§ **Task objective**: Before copying, set the pictures aside; then repeat every line below verbatim.

§ **Data block**:
══════════
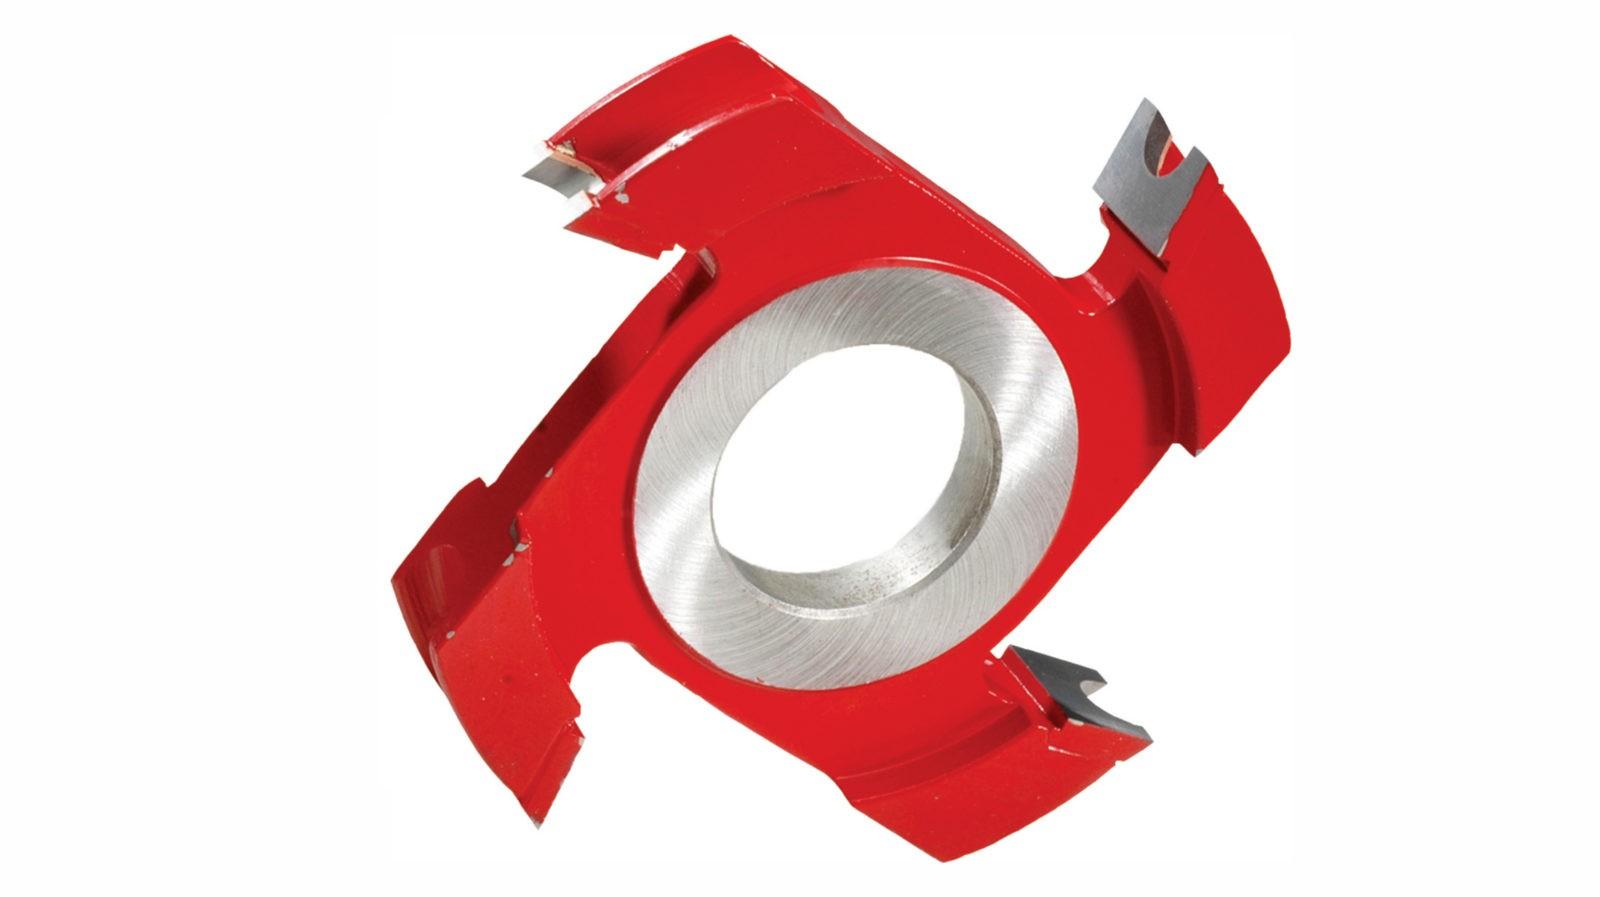 Herramientas de corte para madera, aluminio y PVC
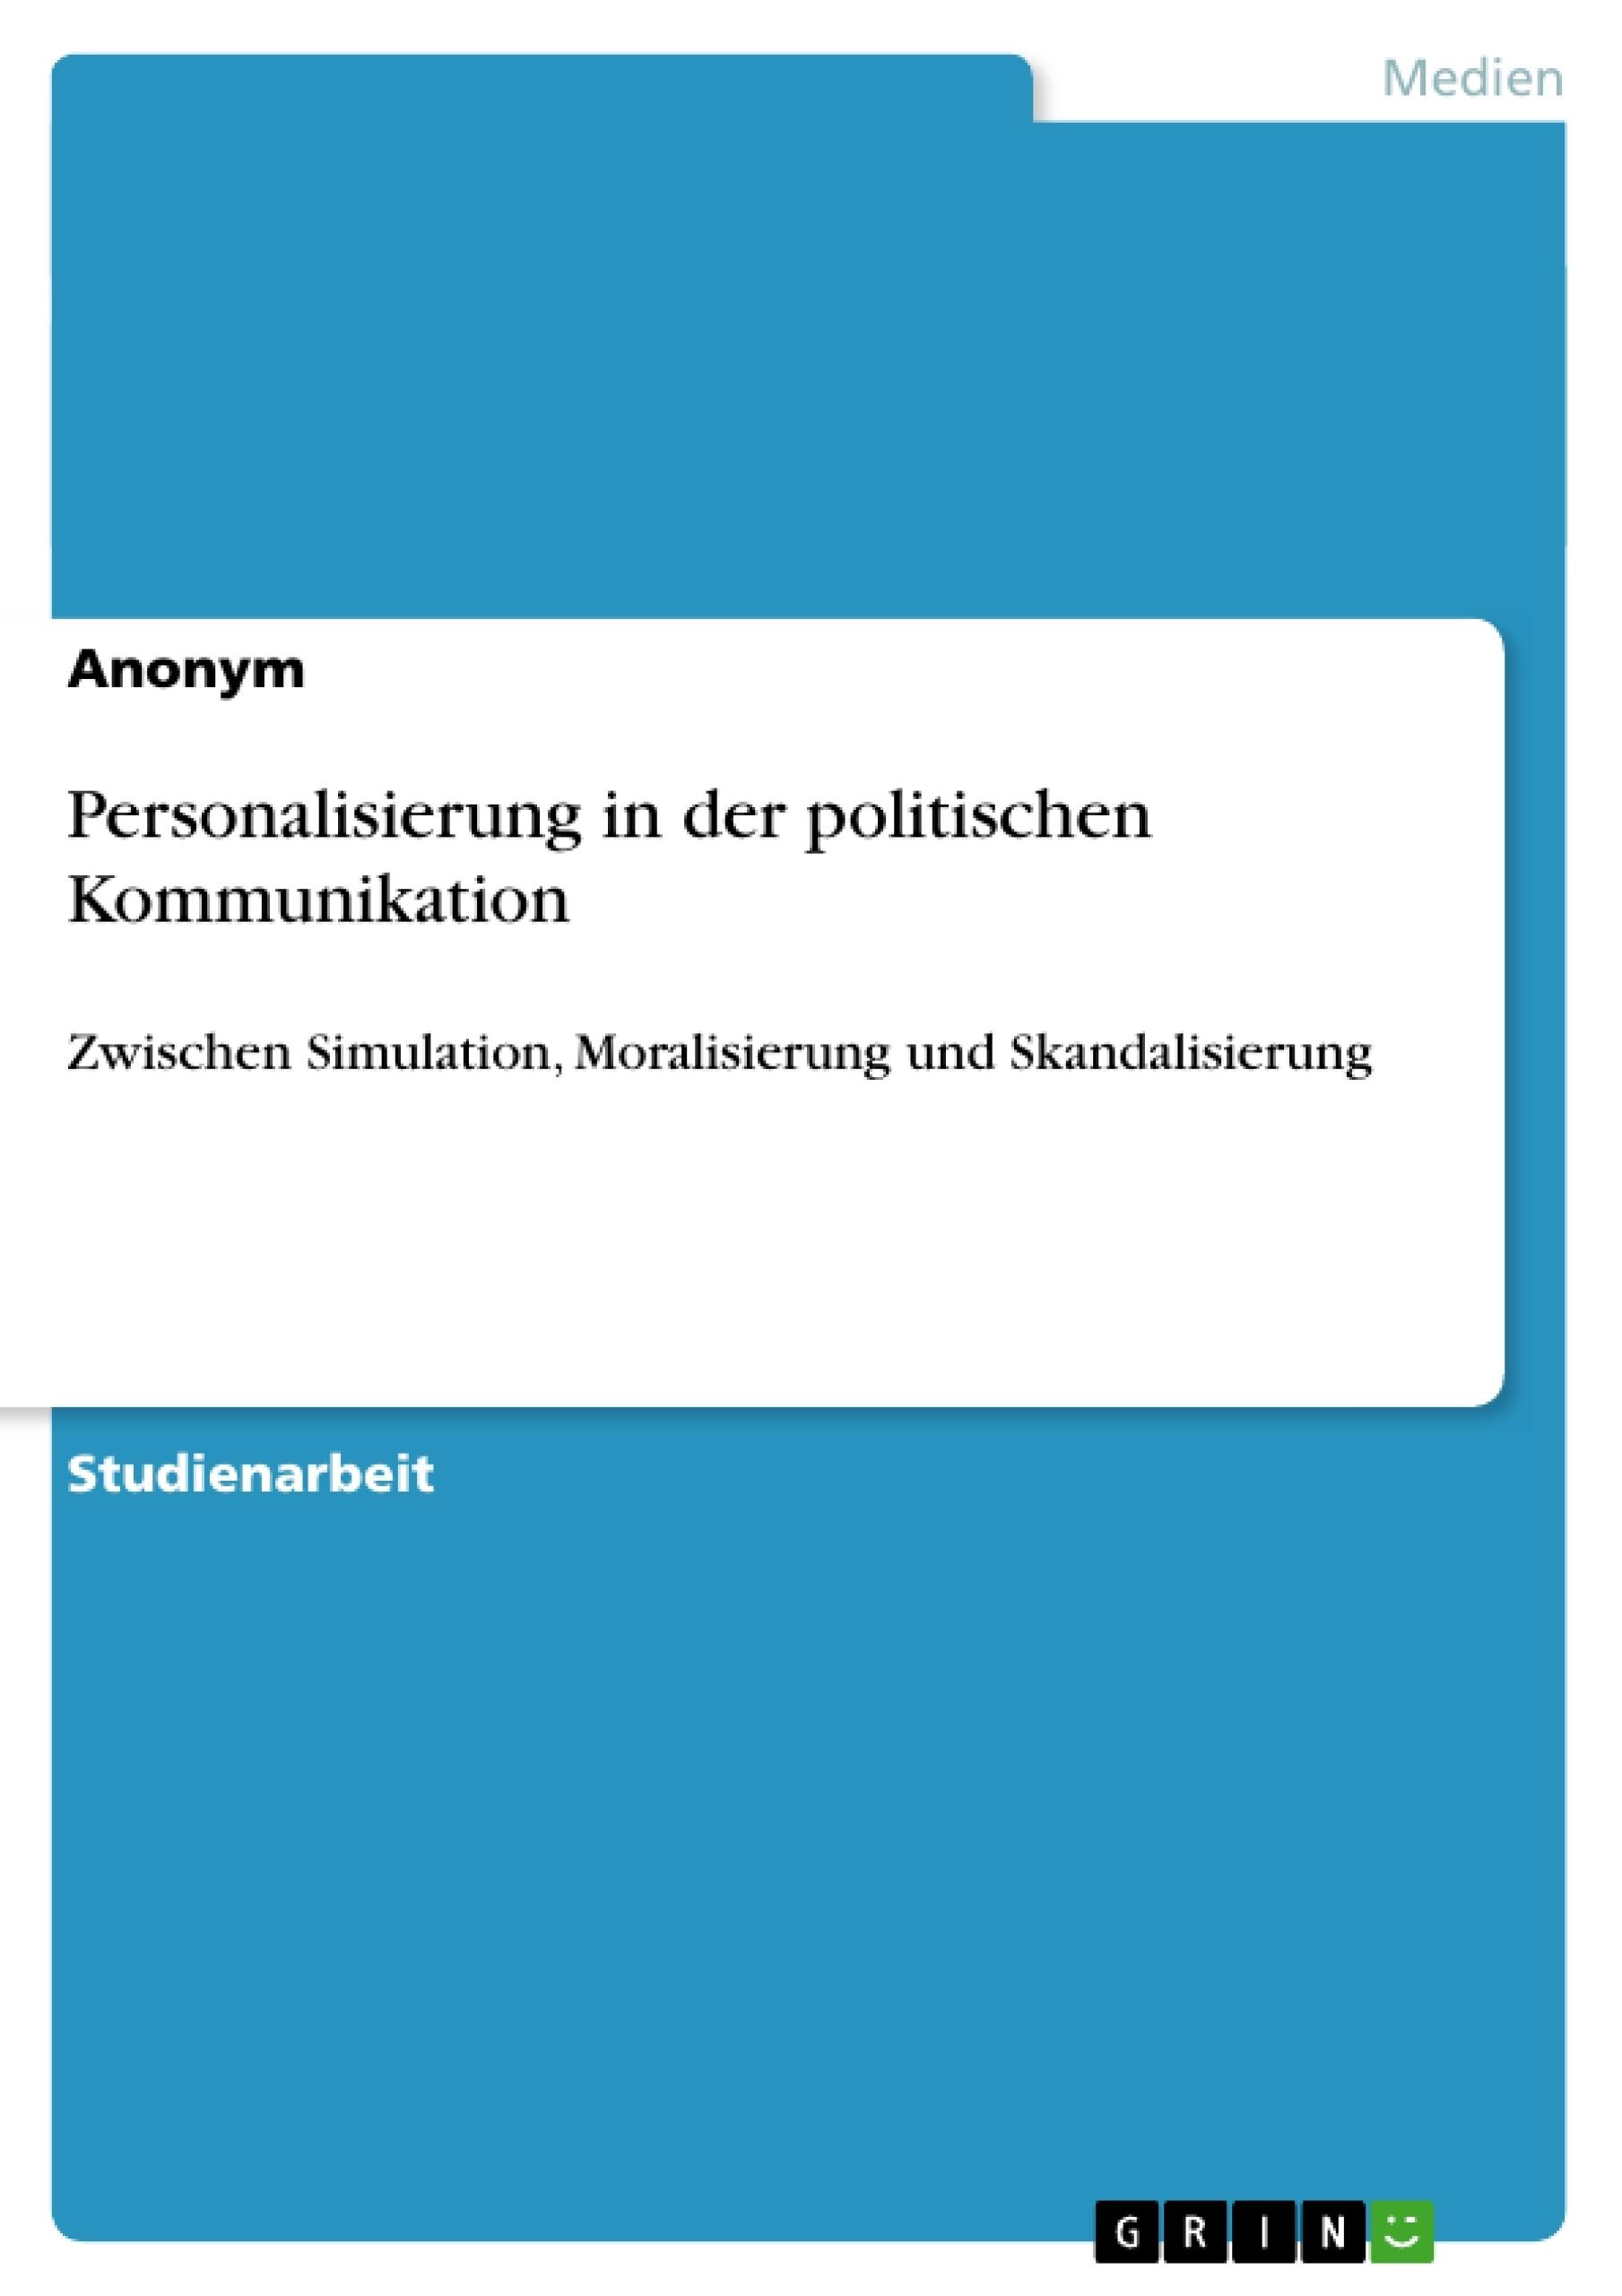 Titel: Personalisierung in der politischen Kommunikation
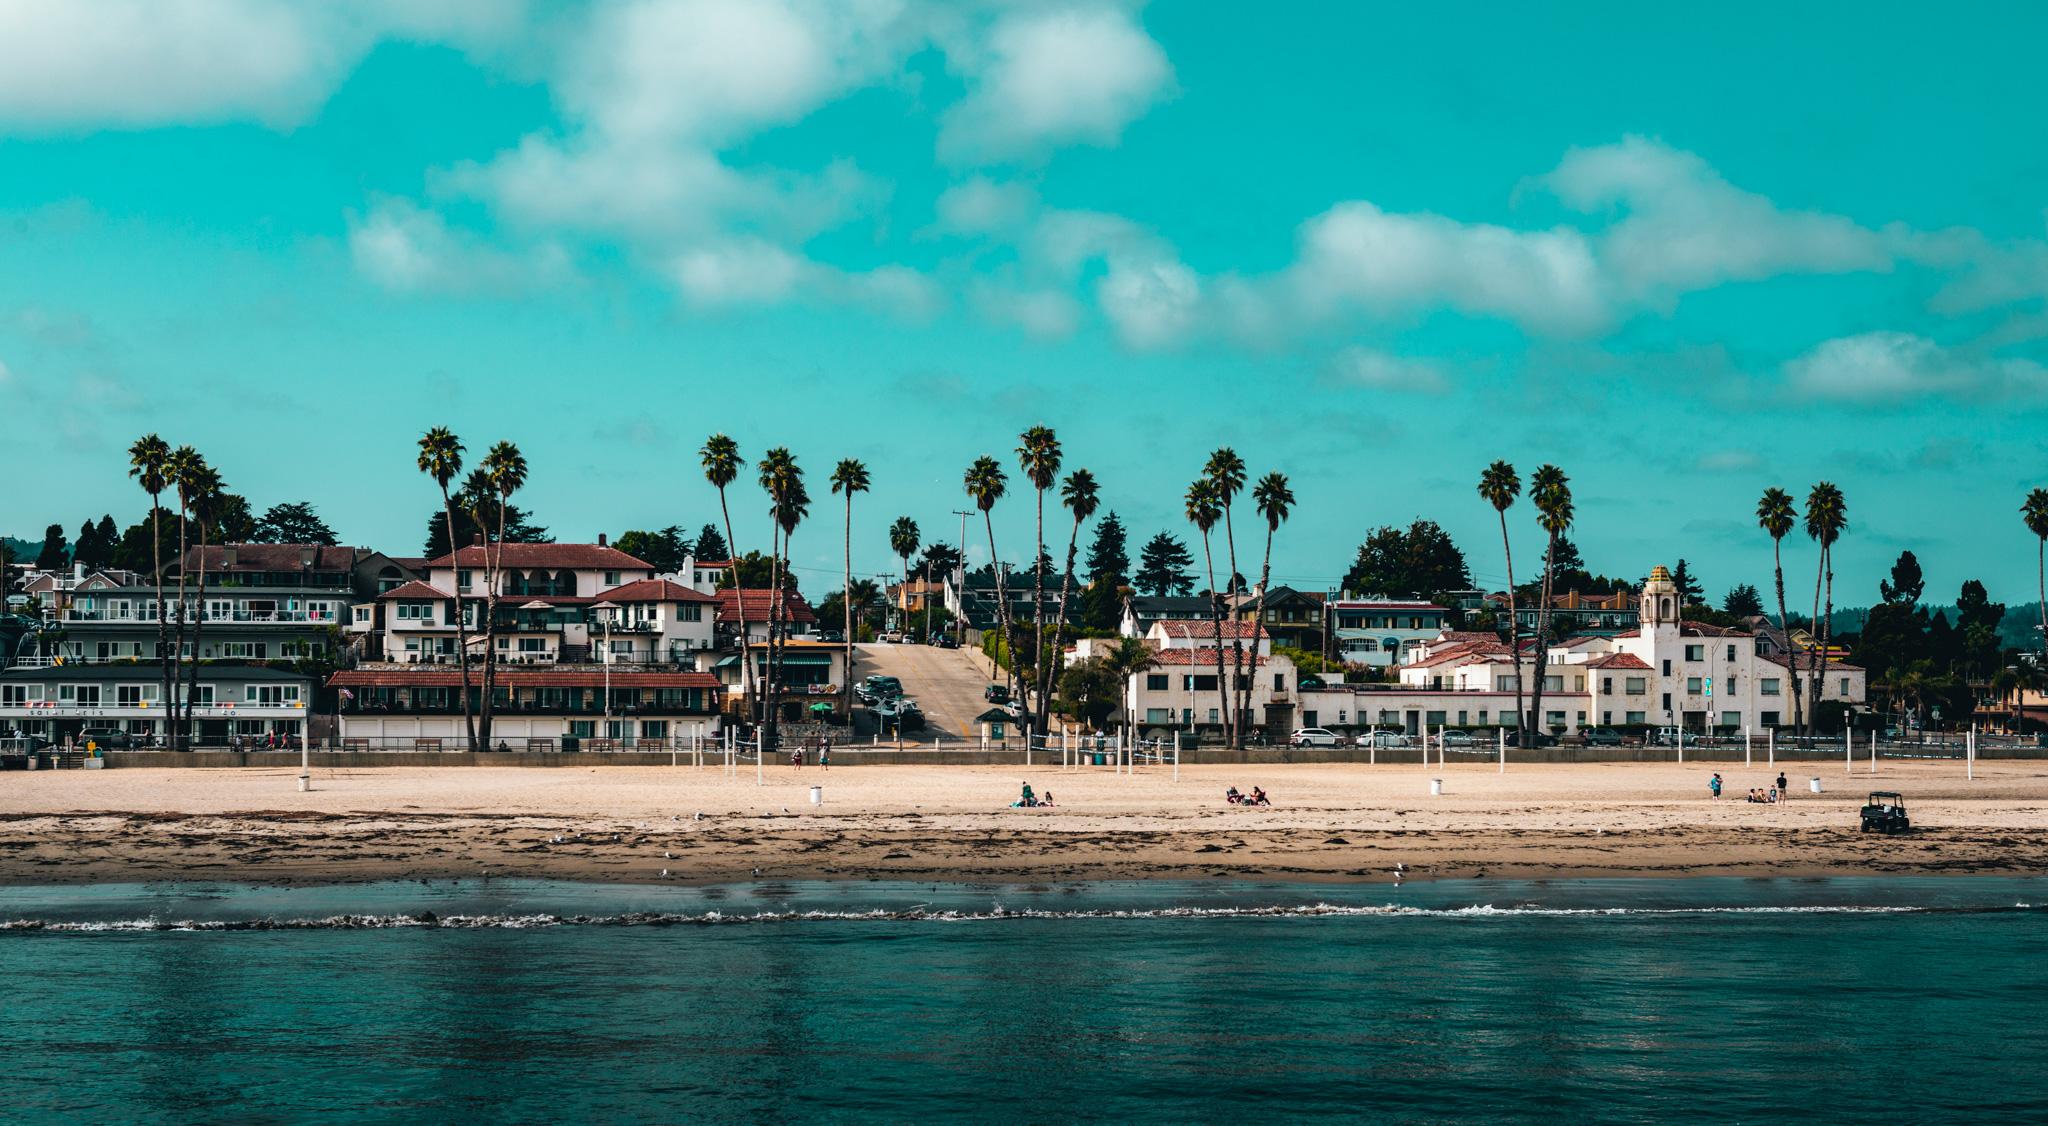 California : Santa Cruz
══════════
§ **Task result**:
 Herramientas de corte para madera, aluminio y PVC
 Titel: Personalisierung in der politischen Kommunikation
 California : Santa Cruz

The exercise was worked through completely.